In quantum machine learning (QML), classical data are often encoded as quantum pure states and processed directly as quantum representations, motivating representation-level generative modeling that samples new quantum states from an underlying pure-state ensemble rather than re-preparing them from perturbed classical inputs. However, extending \emph{score-based} diffusion models with well-defined reverse-time samplers to quantum pure-state ensembles remains challenging, due to the non-Euclidean geometry of the complex projective space $\mathbb{CP}^{d-1}$ and the intractability of transition densities. We propose \emph{Stochastic Schrödinger Diffusion Models} (SSDMs), an intrinsic score-based generative framework on $\mathbb{CP}^{d-1}$ endowed with the Fubini--Study (FS) metric. SSDMs formulate a forward Riemannian diffusion with a stochastic Schrödinger equation (SSE) realization, and derive reverse-time dynamics driven by the Riemannian score $\nabla_{\mathrm{FS}} \log p_t$. To enable training without analytic transition densities, we introduce a local-time objective based on a local Euclidean Ornstein--Uhlenbeck approximation in FS normal coordinates, yielding an analytic teacher score mapped back to the manifold. Experiments show that SSDMs faithfully capture target pure-state ensemble statistics, including observable moments, overlap-kernel MMD, and entanglement measures, and that SSDM-generated quantum representations improve downstream QML generalization via representation-level data augmentation.

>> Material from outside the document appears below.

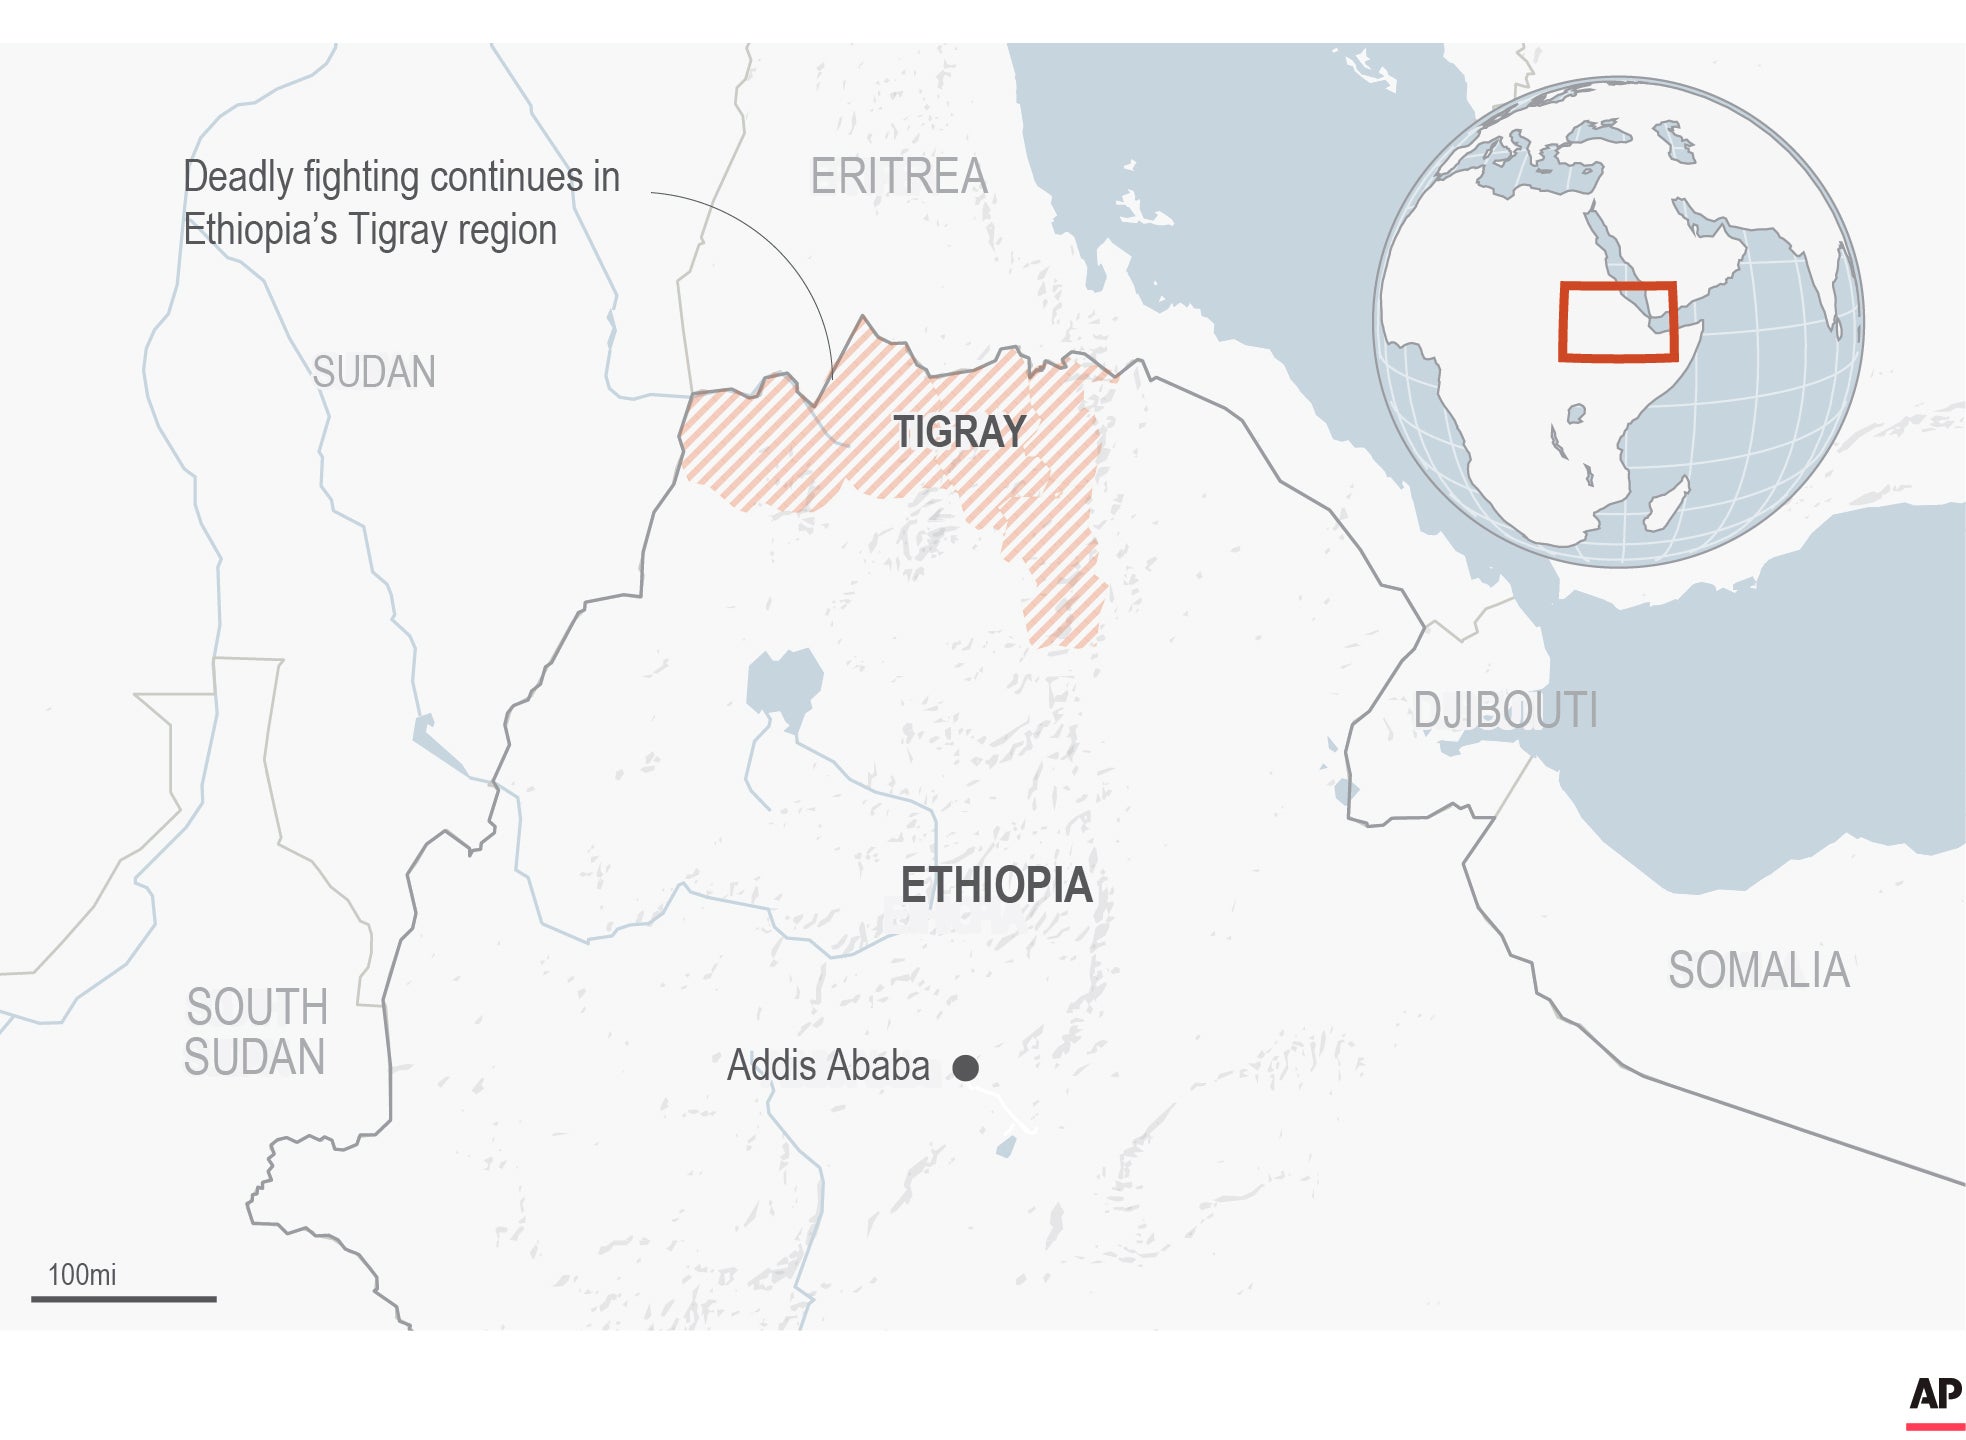 Tigray is located in the north of Ethiopia and borders Sudan

翻译：在量子机器学习（QML）中，经典数据常被编码为量子纯态并直接作为量子表示进行处理，这催生了表示层面的生成式建模——从底层纯态系综中采样新量子态，而非从扰动的经典输入重新制备它们。然而，将具有良好定义逆向时间采样器的基于分数的扩散模型扩展到量子纯态系综仍面临挑战，原因在于复射影空间$\mathbb{CP}^{d-1}$的非欧几里得几何特性以及转移密度的不可解性。我们提出随机薛定谔扩散模型（SSDMs），这是一种在赋予Fubini–Study（FS）度量的$\mathbb{CP}^{d-1}$上基于内蕴分数的生成框架。SSDMs通过随机薛定谔方程（SSE）实现前向黎曼扩散，并推导出由黎曼分数$\nabla_{\mathrm{FS}} \log p_t$驱动的逆向时间动力学。为了在缺乏解析转移密度的情况下实现训练，我们引入基于FS正规坐标下局部欧几里得Ornstein–Uhlenbeck近似的局部时间目标函数，由此获得映射回流形的解析教师分数。实验表明，SSDMs能够忠实捕捉目标纯态系综的统计特性，包括可观测量矩、重叠核MMD以及纠缠度量，且SSDM生成的量子表示通过表示层面数据增强可提升下游QML的泛化性能。